**COLLECTED DATA**.
:::::

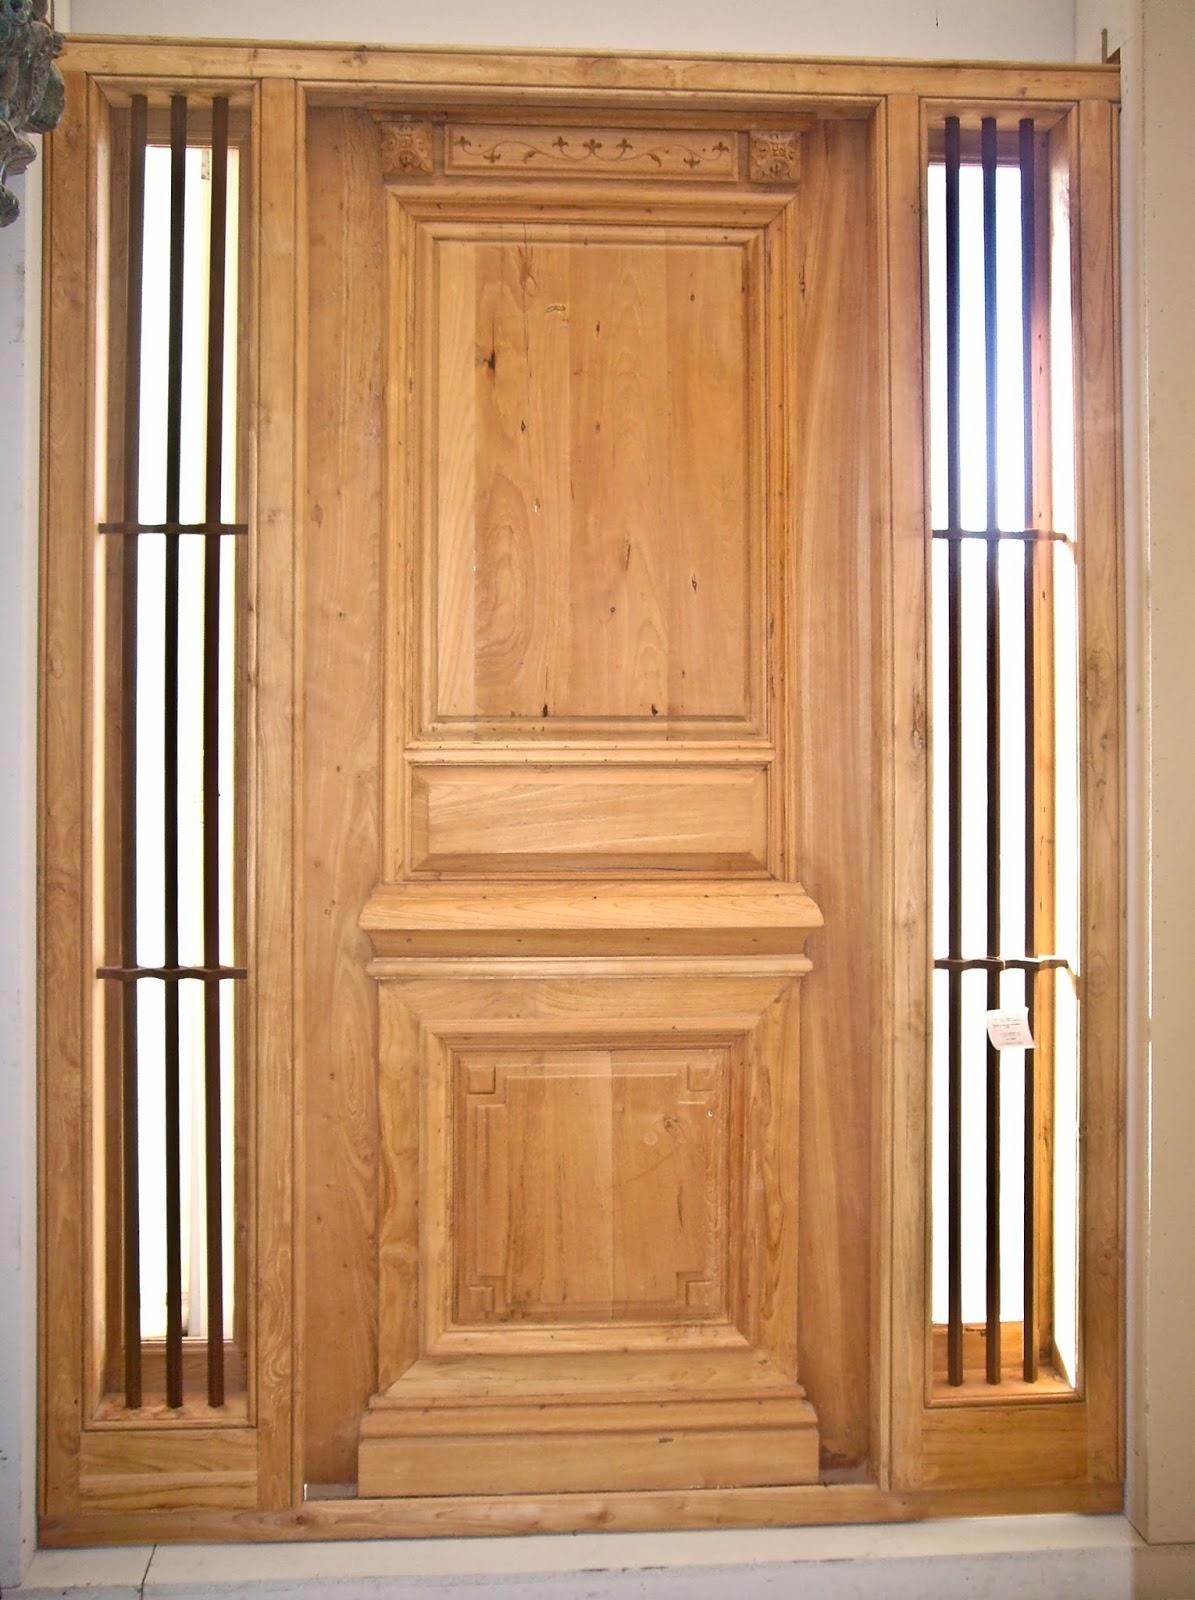 Puertas de madera imagenes de puertas de madera exterior - Puerta de madera exterior ...
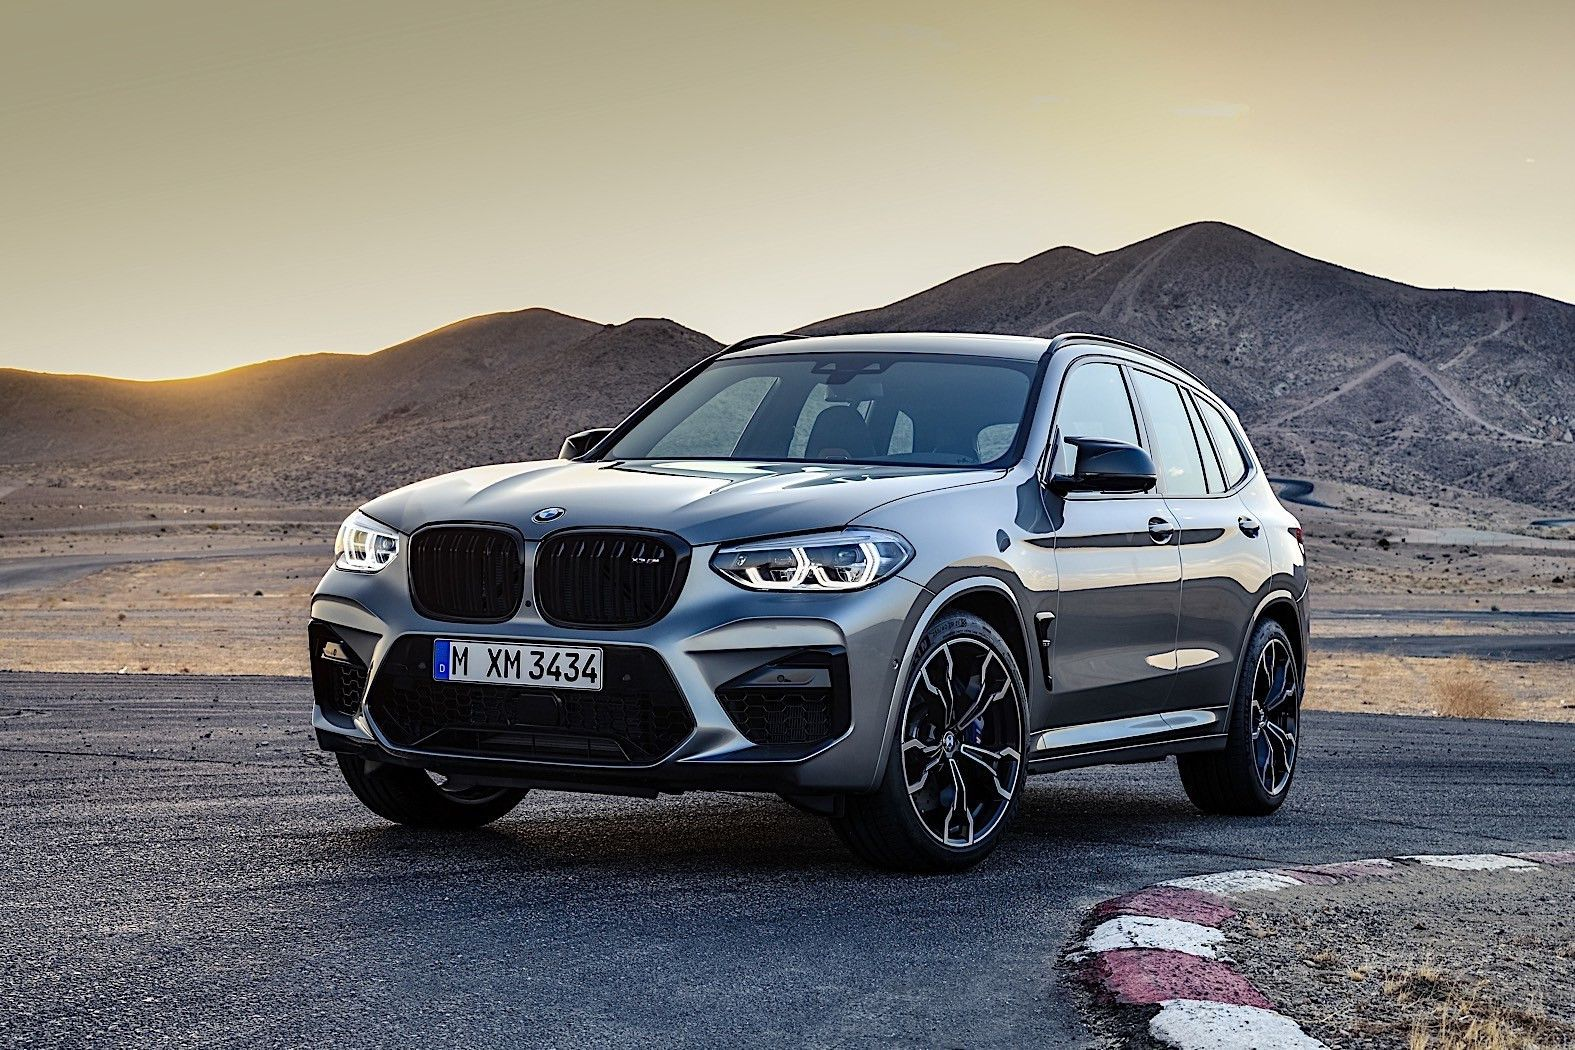 被M系列盘过的总不会差 新款BMW X3 M喜欢吗
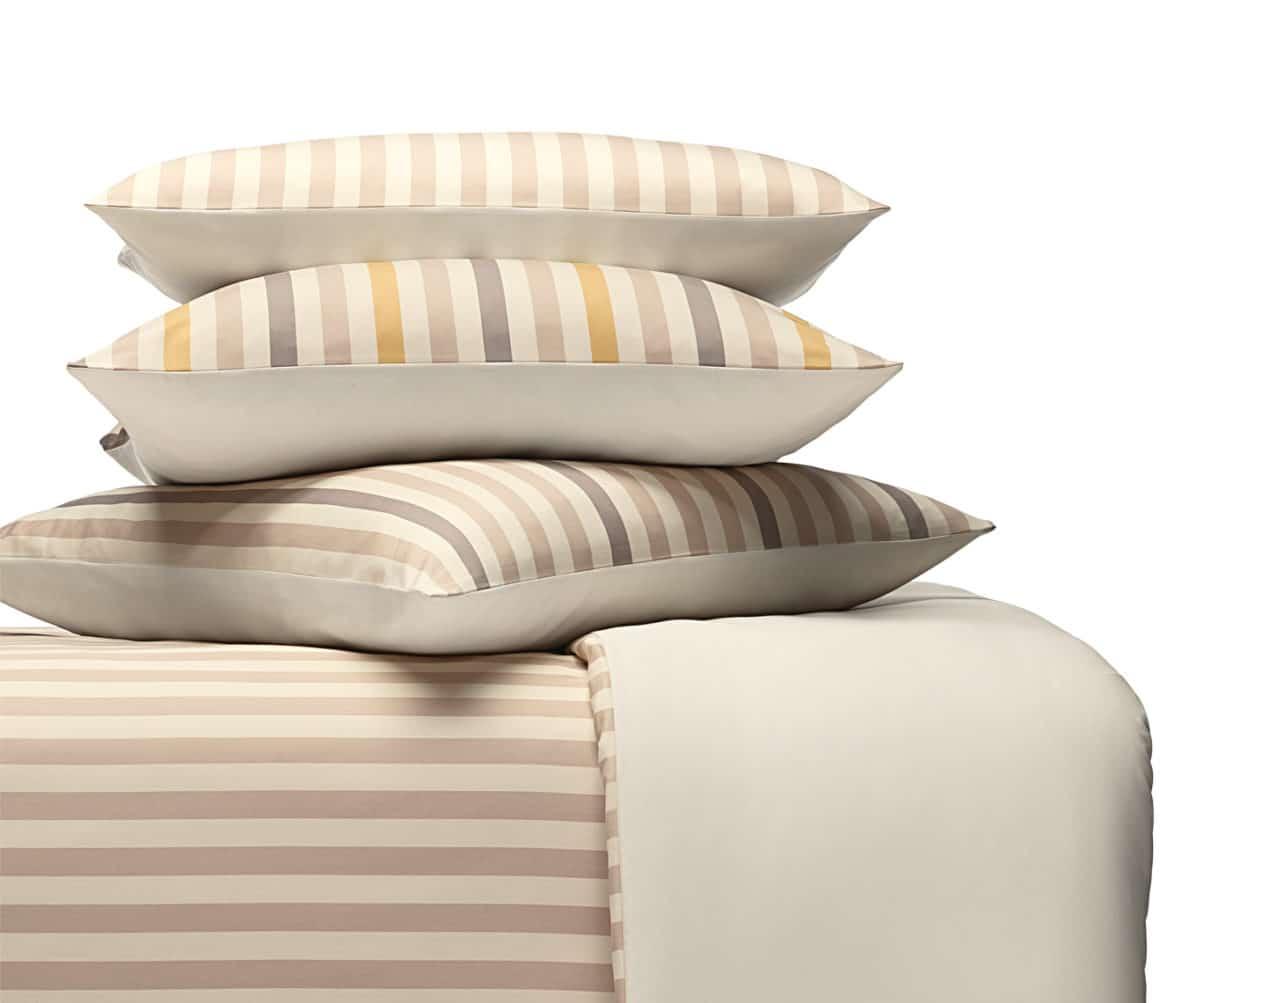 Bettwäsche Satin Linell aus kbA Baumwolle

:::::

**THE TASK**. Set down the whole listing word for word, omitting the pictures.

**SOLUTION**.
 Puertas de madera imagenes de puertas de madera exterior - Puerta de madera exterior ...
 被M系列盘过的总不会差 新款BMW X3 M喜欢吗
 Bettwäsche Satin Linell aus kbA Baumwolle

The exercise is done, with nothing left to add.